Most parents say something like "you're so smart" or "you're so talented." And it feels loving and encouraging.
Carol Dweck's research shows it often isn't.
Dweck's growth mindset research: what praise does to children's motivation and resilience
Process praise vs. person praise — and the critical difference
How 'you're so smart' actually undermines children's performance
Building resilience through the growth mindset approach
Dweck's landmark studies on praise and motivation found a striking pattern: children praised for being smart (person praise / fixed mindset) showed worse outcomes than children praised for effort and process (process praise / growth mindset).

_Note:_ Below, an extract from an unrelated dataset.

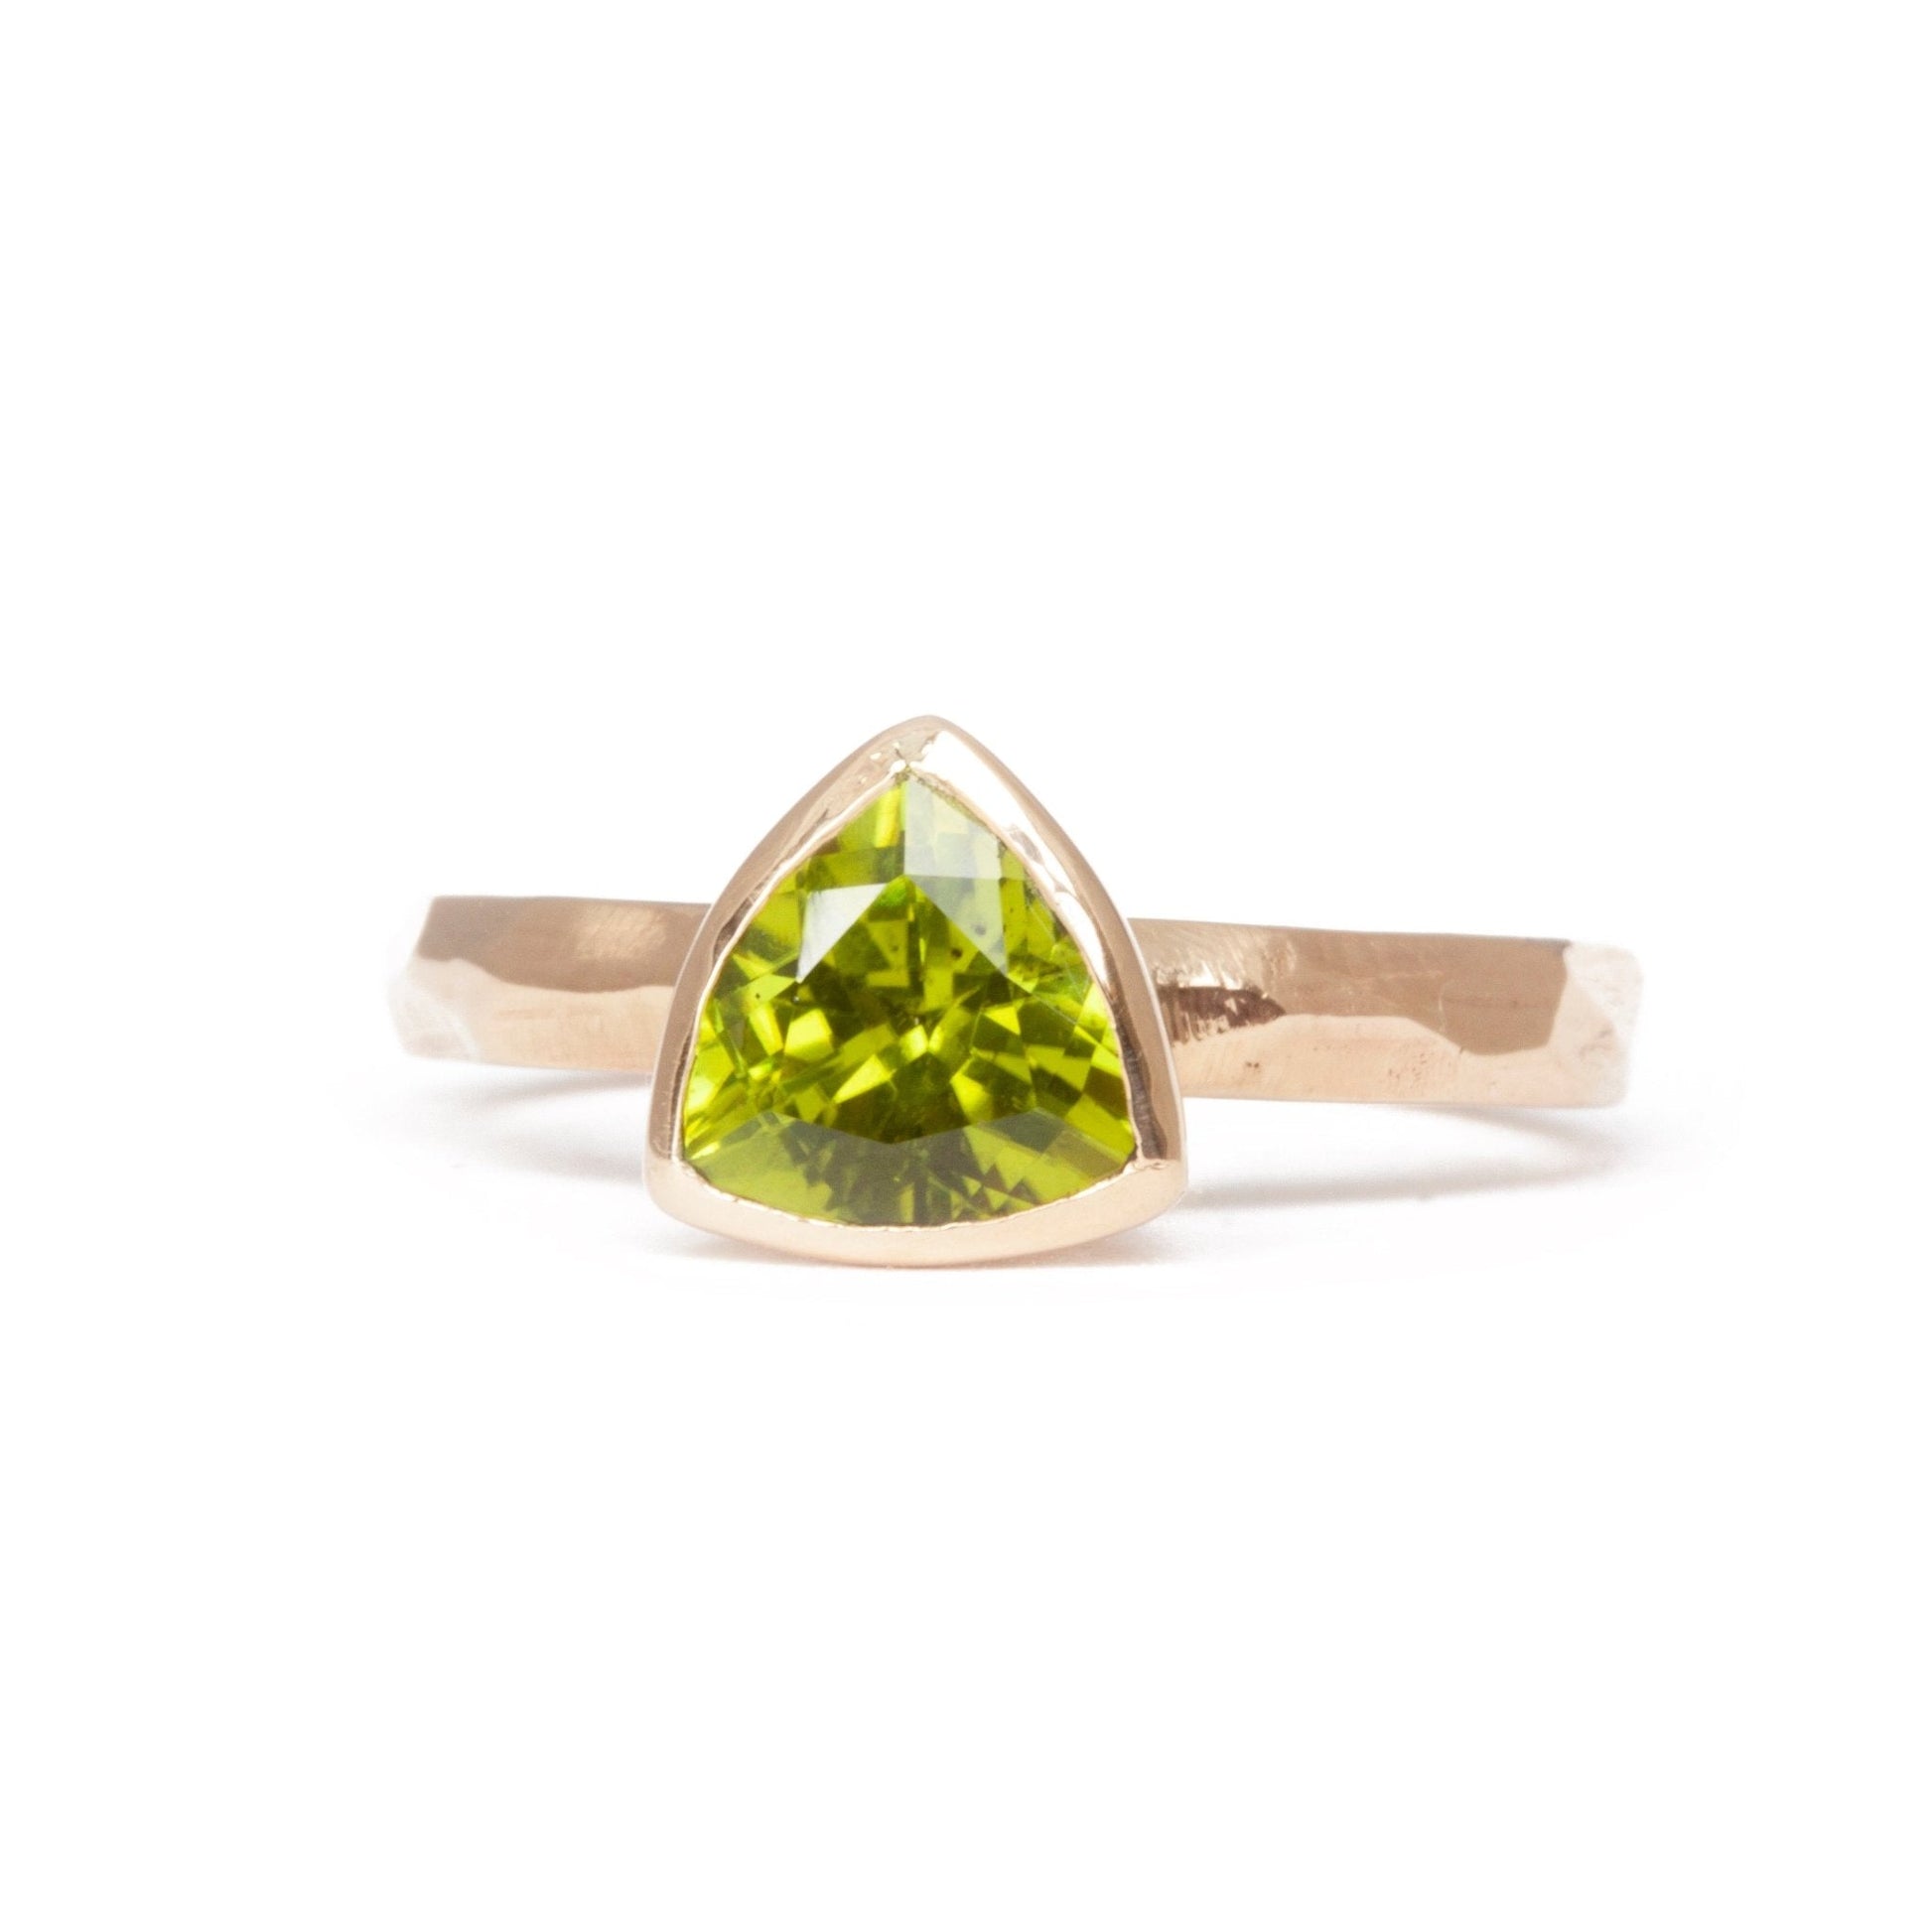 The Fairmined Arizona Peridot Trillion-Cut Carved Solitaire (Ready to ship in size 6) - W.R. Metalarts

Specifically, children praised for being smart: - Avoided challenges that might reveal they weren't as smart as claimed - Gave up faster when tasks became difficult - Were less willing to admit mistakes - Showed decreased intrinsic motivation over time
Children praised for effort: - Sought more challenging tasks - Persisted longer when things were difficult - Interpreted difficulty as a reason to try harder, not as evidence of inadequacy - Showed increasing motivation over time
The mechanism: when children are praised for being smart, they develop a fixed identity around intelligence. Difficulty then threatens that identity — and they respond by avoiding the difficulty that would reveal limitations. When children are praised for effort and strategy, difficulty becomes simply part of the process.
Specific language shifts:
Instead of "you're so smart": "you worked really hard at that," "I noticed how you kept trying different approaches," "that was a difficult problem — what strategy worked?"
Instead of "you're talented": "you've been practising this for months — all that practice is showing up."
On failure: "That didn't work out. What did you learn? What would you try differently?" This treats failure as information, not verdict.
In the Indian exam-pressure context: the cultural emphasis on marks can inadvertently create fixed-mindset environments where performance = worth. Growth mindset language is particularly important in families where academic performance is highly salient.
Find a comfortable position · Read slowly
For one week: notice every time you praise your child, and assess what you praised (being vs. doing, intelligence vs. effort, result vs. process).
Then: practice reframing. Not removing praise — changing its target.
Praising effort builds children who keep going when it's hard. Praising intelligence builds children who are afraid to try things that might show their limits.